SOURCE MATERIAL START

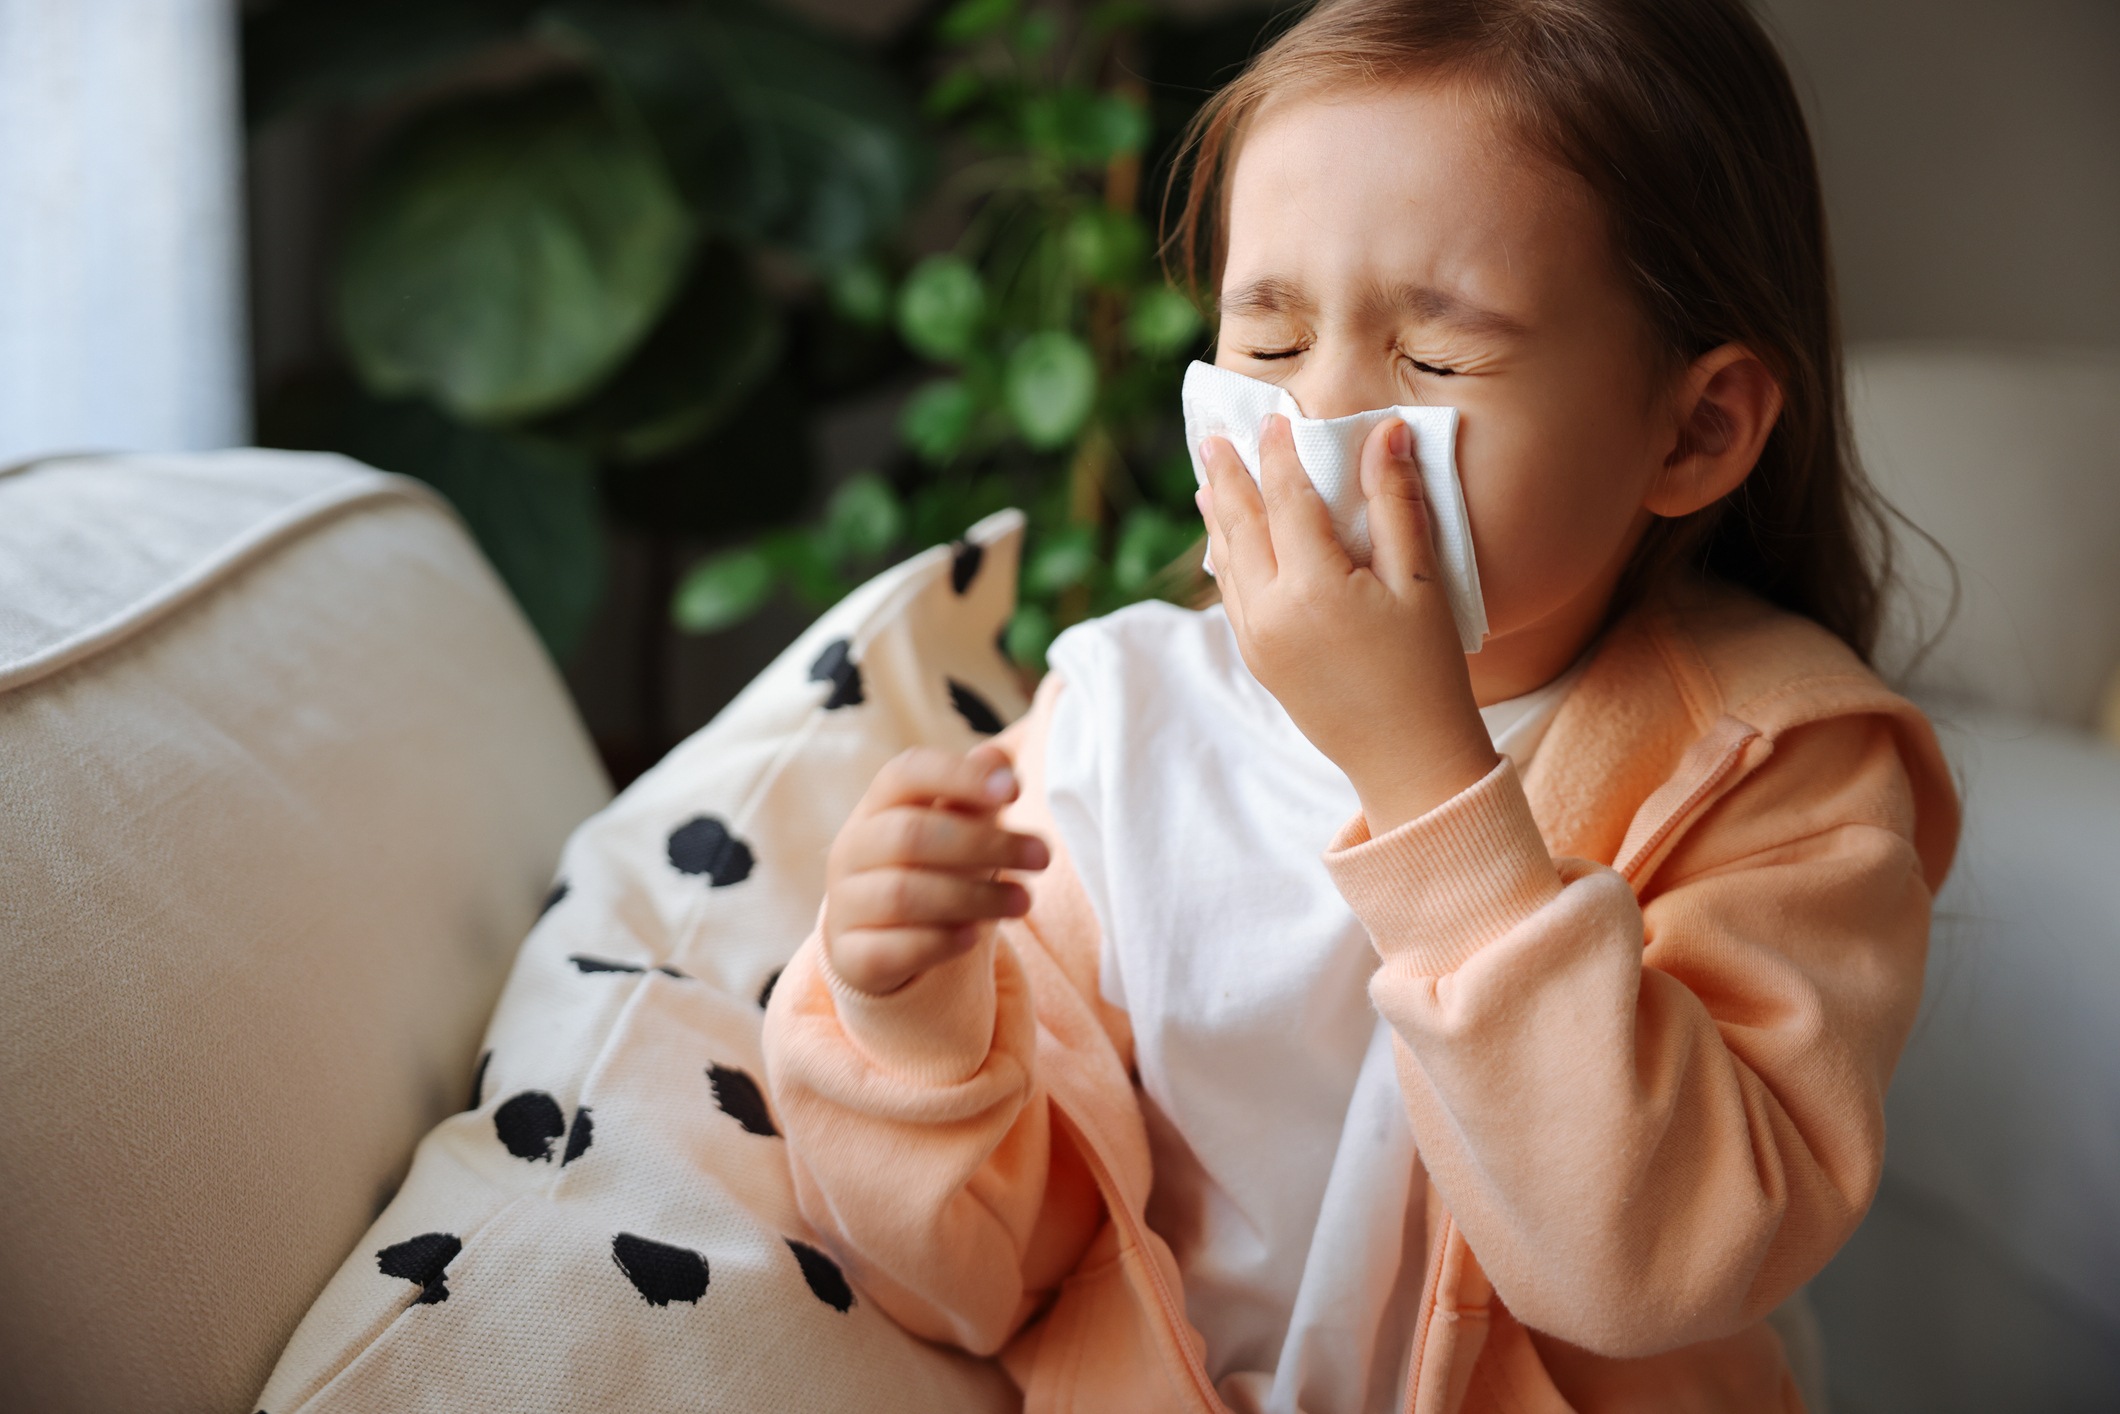 THD Urges Respiratory Illness Prevention as Flu Season Nears Peak
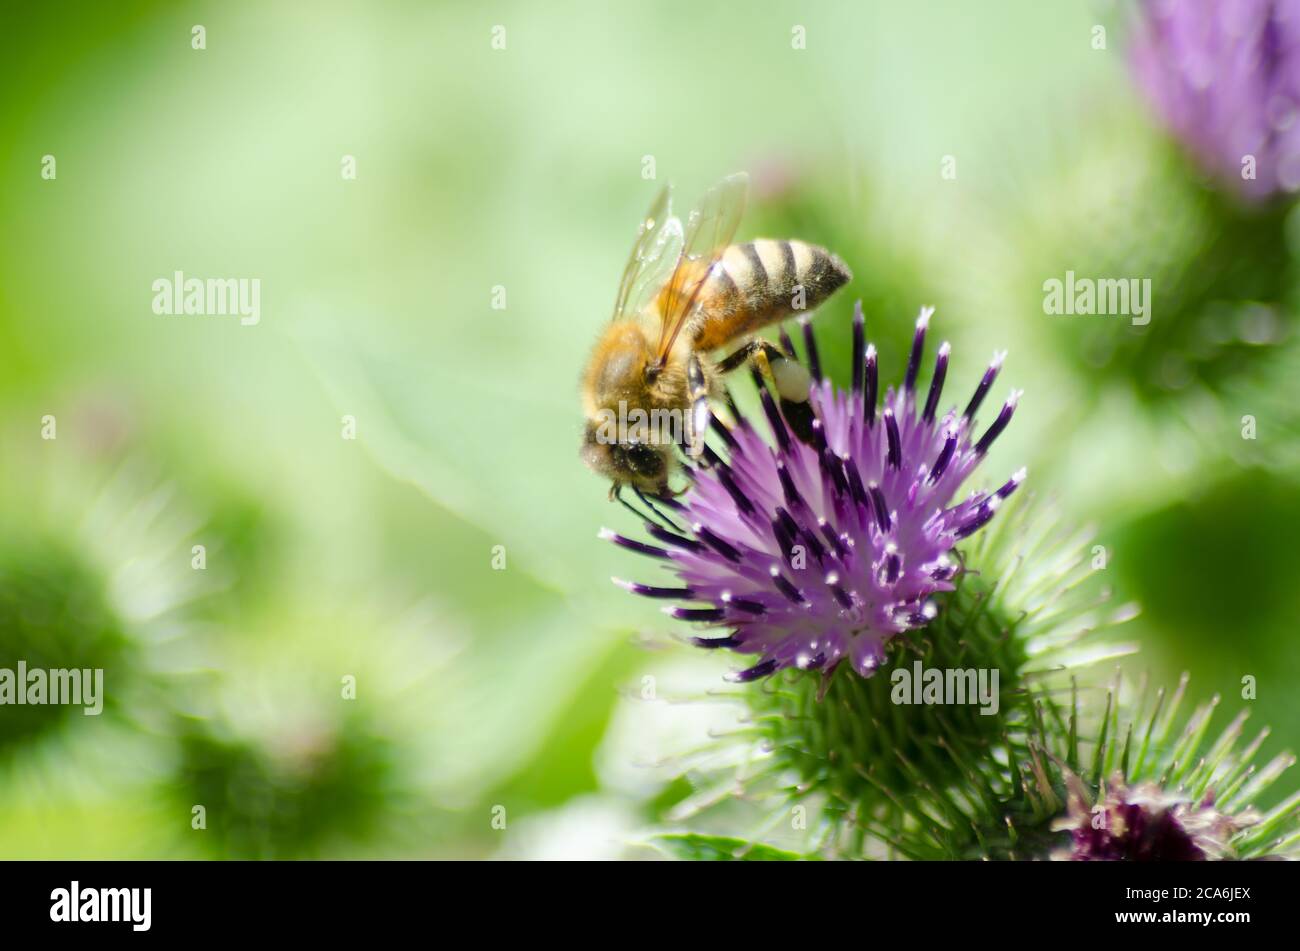 A Western Honey Bee (Apis mellifera) on a thistle Stock Photo
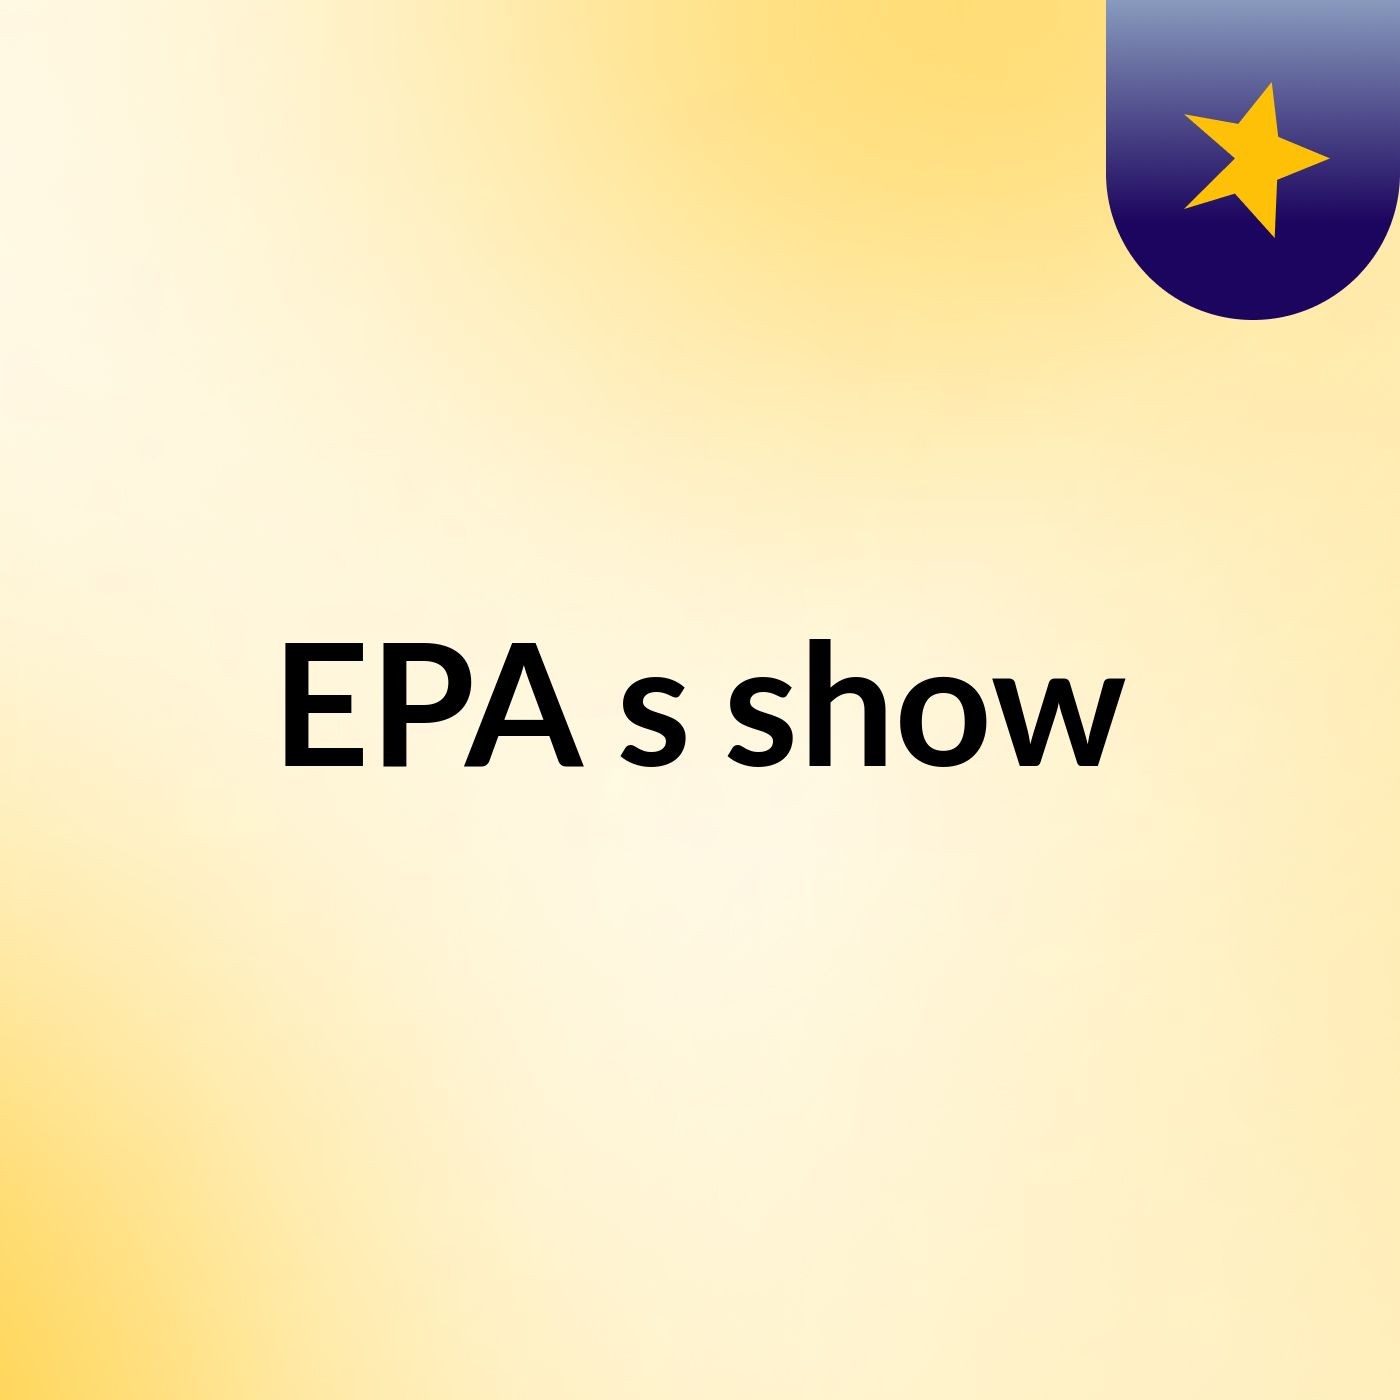 EPA's show

SOURCE MATERIAL END

• **TASK REQUIREMENTS**: Set down the data again, exactly, without images.

• **RESPONSE FOR THIS EXERCISE**:
 THD Urges Respiratory Illness Prevention as Flu Season Nears Peak
 A Western Honey Bee (Apis mellifera) on a thistle Stock Photo
 EPA's show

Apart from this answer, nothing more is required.